Exercise details: Could you restate word for word only the lines below from the one holding "耐克nike-女款黑/白/银色运动文化鞋415328-002" to the one holding "impressao_boxnet_2018-04-05_-_15h47m23s-grande", inclusive, and leave out the pictures?

Source information Block Start

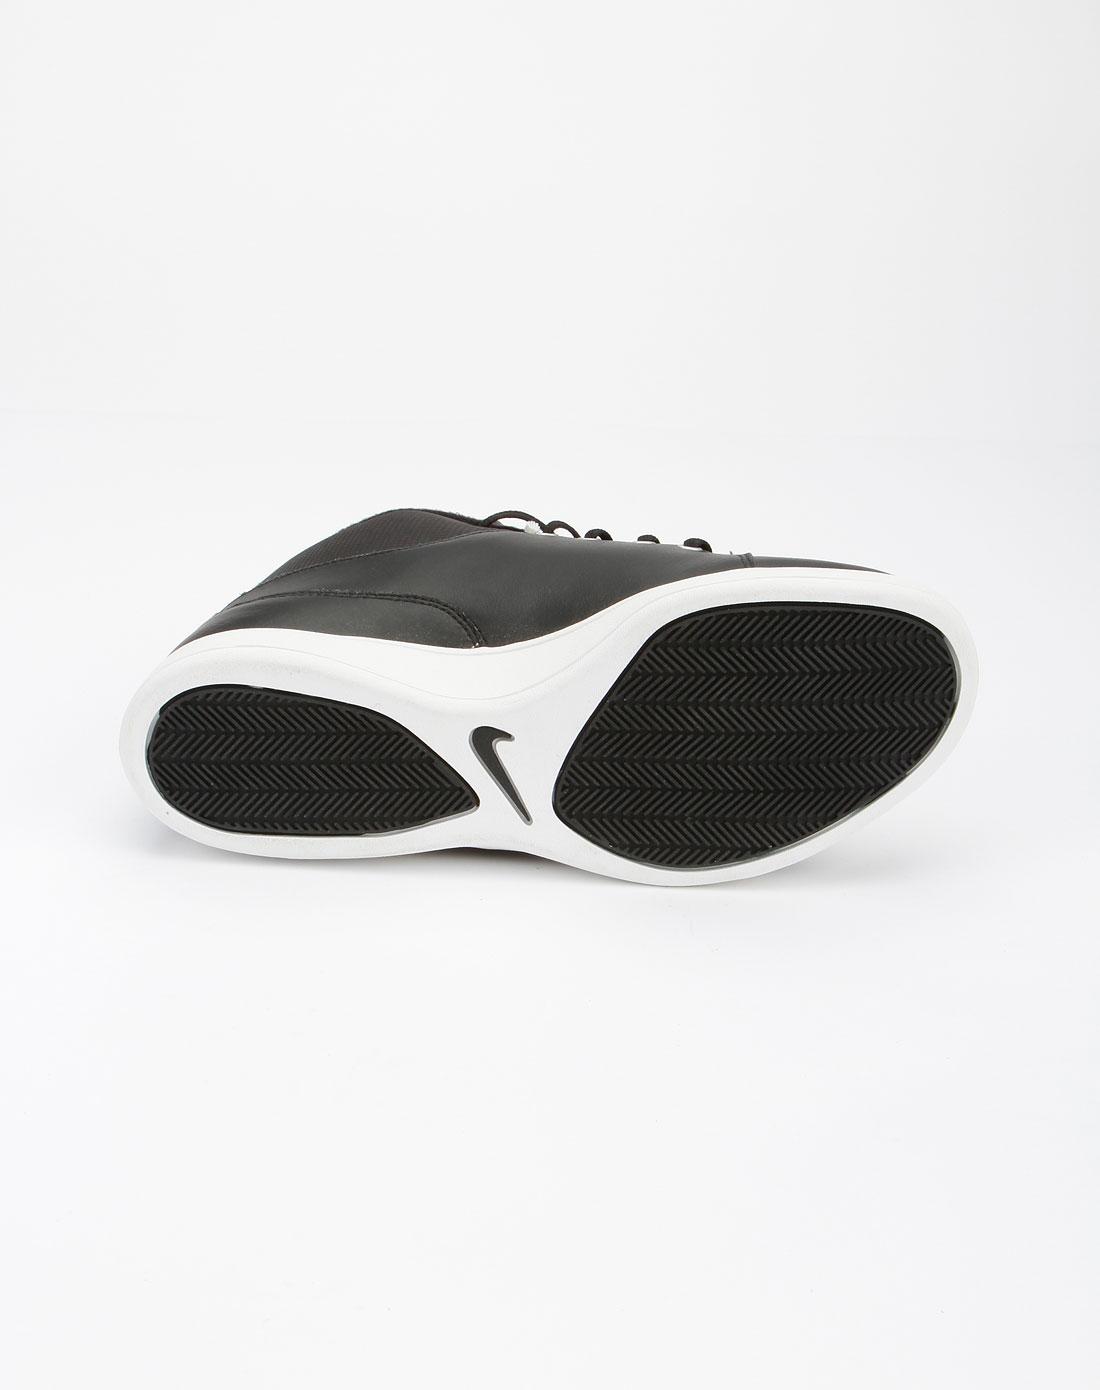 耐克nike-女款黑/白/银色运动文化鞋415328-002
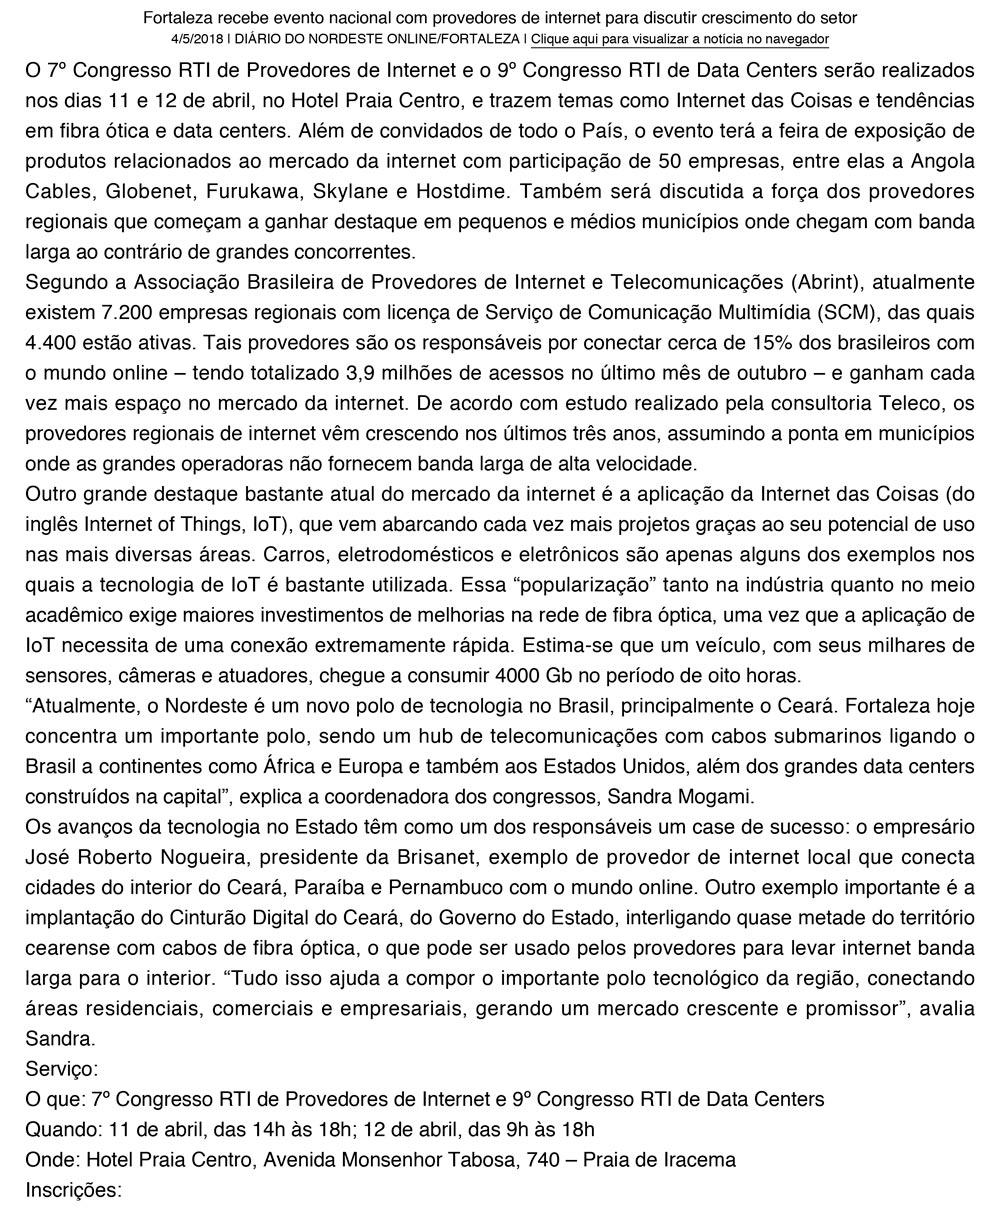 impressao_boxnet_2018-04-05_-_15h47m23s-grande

Source information Block End
Source information Block Start

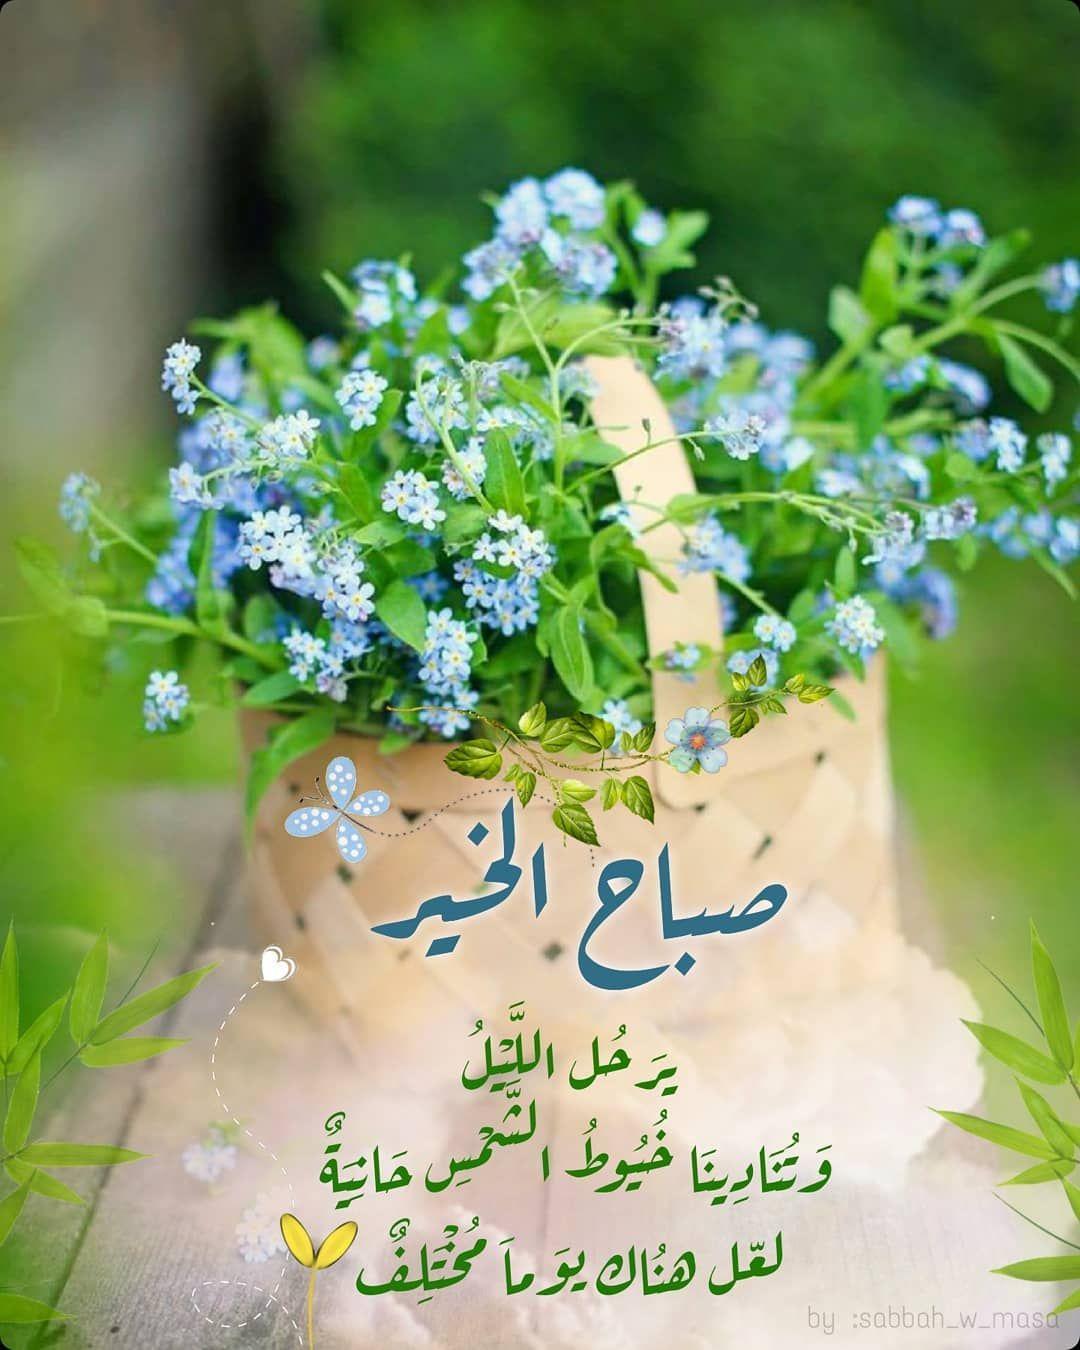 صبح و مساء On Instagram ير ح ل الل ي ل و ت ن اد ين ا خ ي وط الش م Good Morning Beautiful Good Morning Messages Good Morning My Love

Source information Block End

Response to the task:
 耐克nike-女款黑/白/银色运动文化鞋415328-002
 impressao_boxnet_2018-04-05_-_15h47m23s-grande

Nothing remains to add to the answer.